On Sunday, the Department of Homeland Security issued a statement saying it did not plan to back off enforcing Trump’s orders.

“President Trump’s Executive Orders remain in place—prohibited travel will remain prohibited, and the U.S. government retains its right to revoke visas at any time if required for national security or public safety,” the statement read. “President Trump’s Executive Order affects a minor portion of international travelers, and is a first step towards reestablishing control over America’s borders and national security.”

The department said that less than one percent of daily international air travelers to the United States had been “inconvenienced” on Saturday.

Matthew Kolken, an immigration attorney based in Buffalo said there has been “a systemic bias against individuals from Muslim countries in the U.S. immigration departments” for years, including under the Obama administration.
“This isn’t unprecedented,” Kolken told The Washington Post by phone Sunday. “The unfortunate reality is the executive branch does have vast discretionary authority to determine who they are going [allow in or not].”

That said, Kolken believes “Trump has gone a step further without a doubt” in including even people who are lawful permanent residents and suspending all immigration applications from people from the seven countries on the banned list.

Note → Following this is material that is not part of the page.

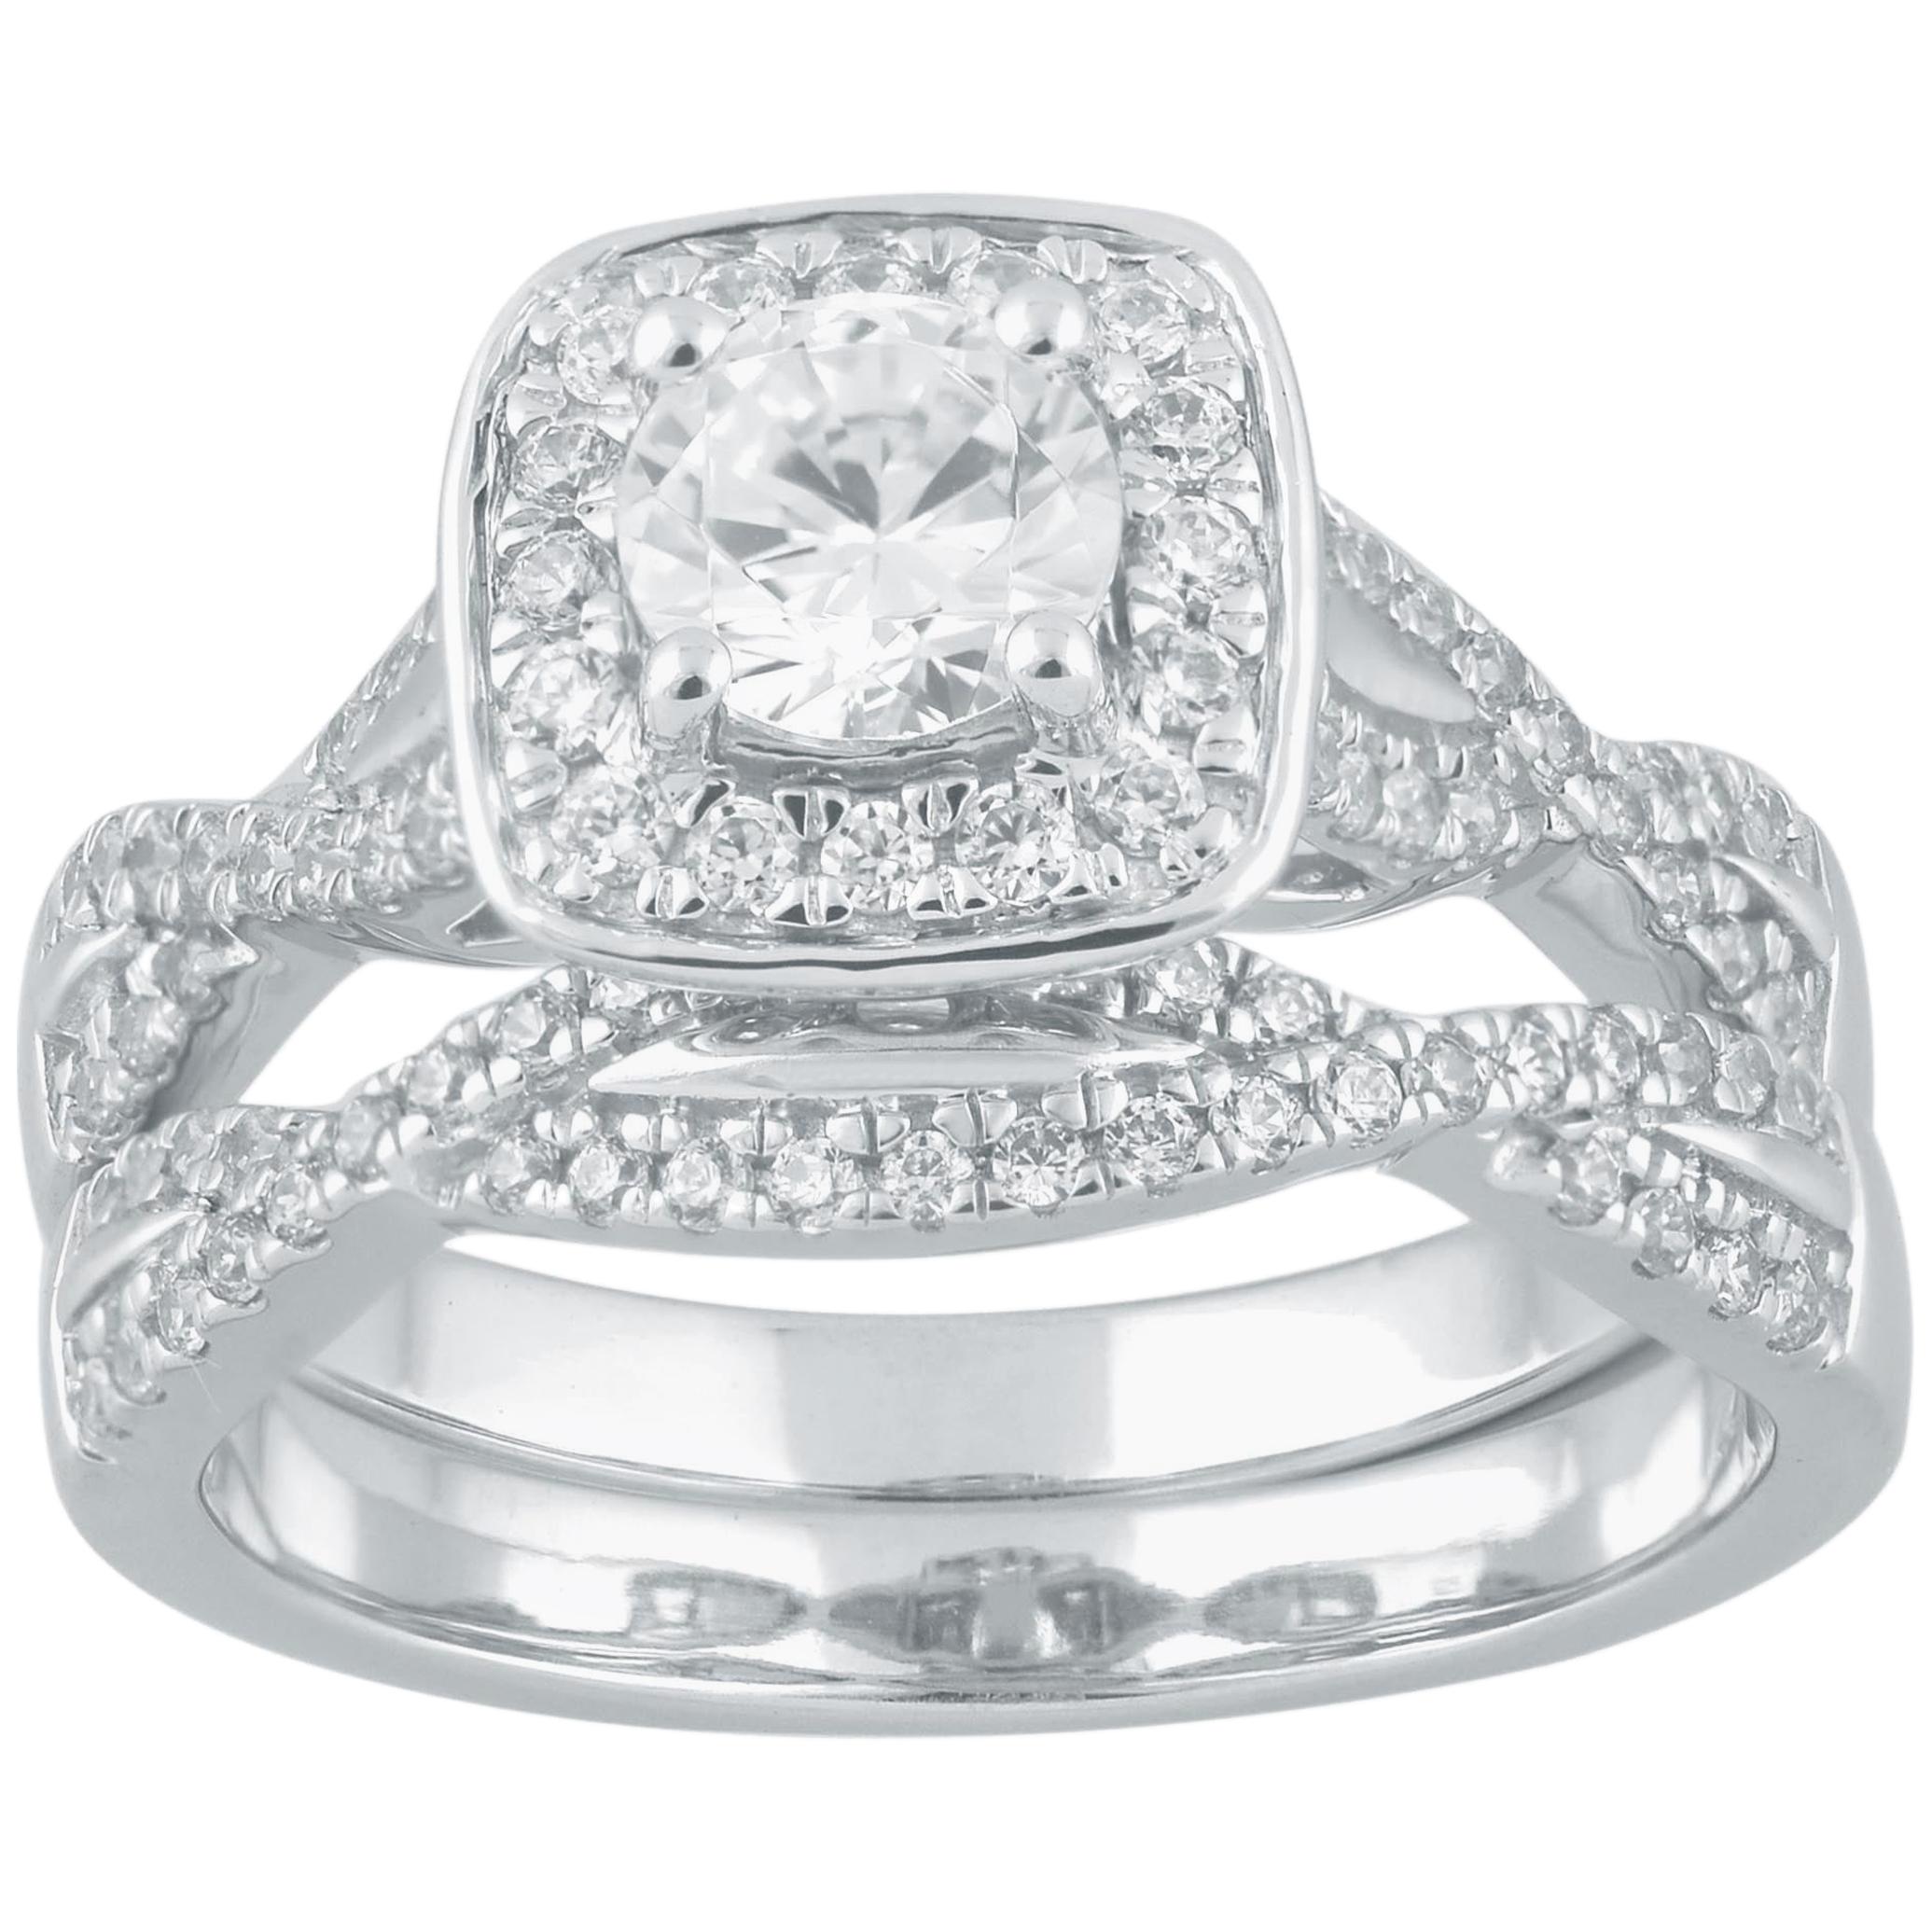 TJD 1.0 Carat Round Diamond 18 Karat White Gold Twisted Shank Bridal Ring Set For Sale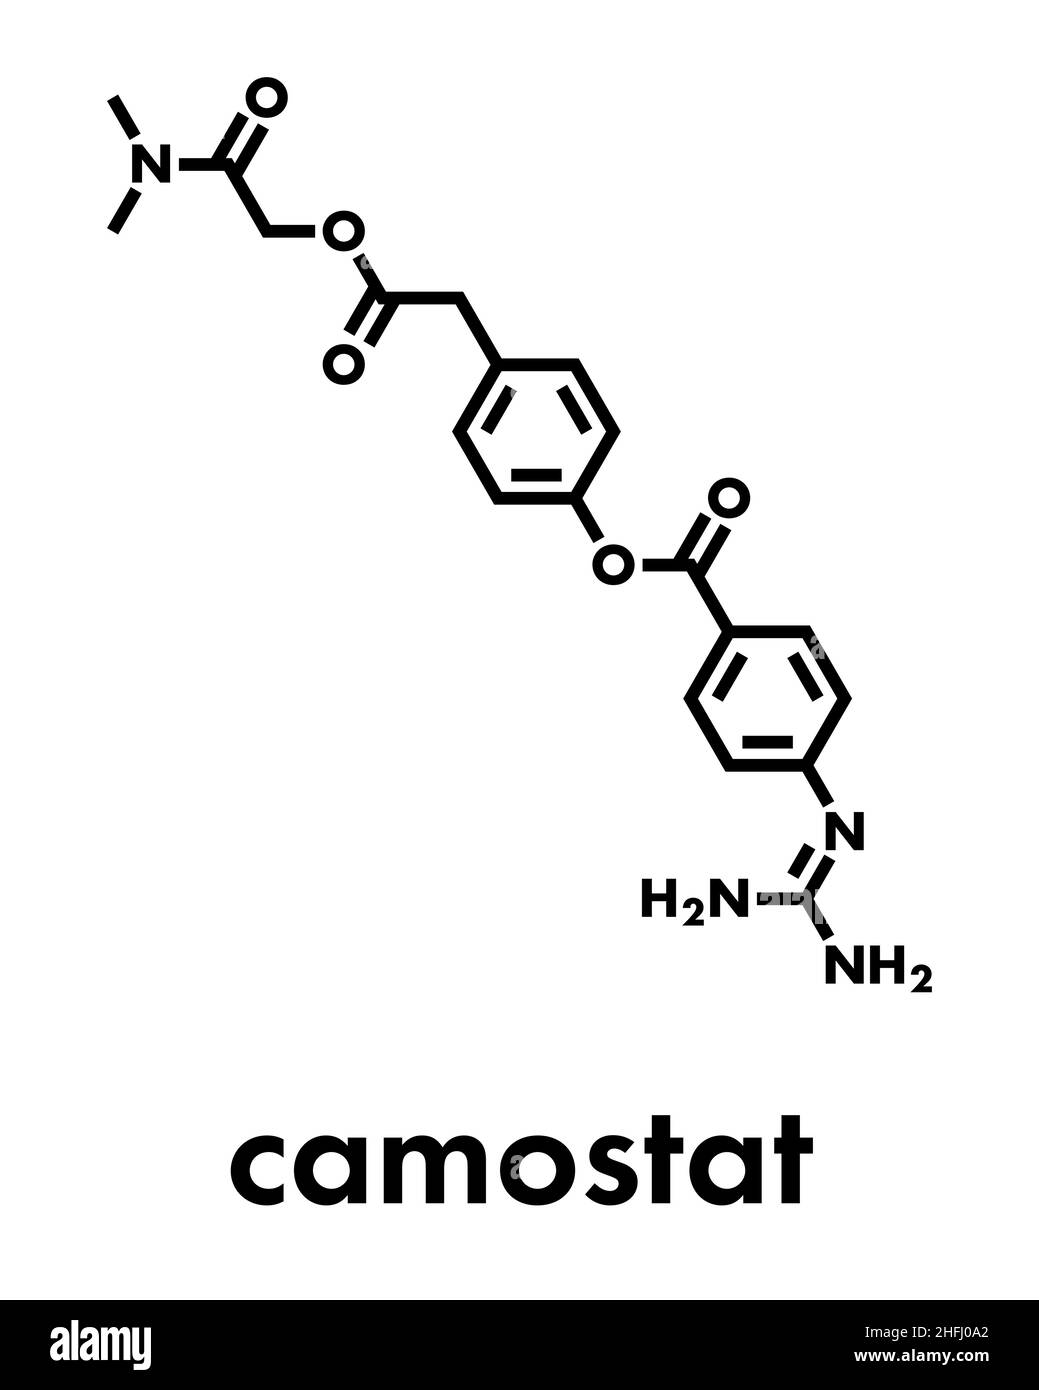 Camostat drug molecule. Serine protease inhibitor, investigated for treatment of Covid-19. Skeletal formula. Stock Vector

If there was evidence of disparate treatment of individuals from the same country — if there were anecdotal evidence of, for example, a Syrian family of one religious background allowed to enter over that of another religious background — then that is where lawsuits could “come to play,” he said.

“The question becomes whether they’re trying to do an end-around by couching the ban as a country-specific ban based on a security-related issues when in reality it’s a religious ban,” Kolken said.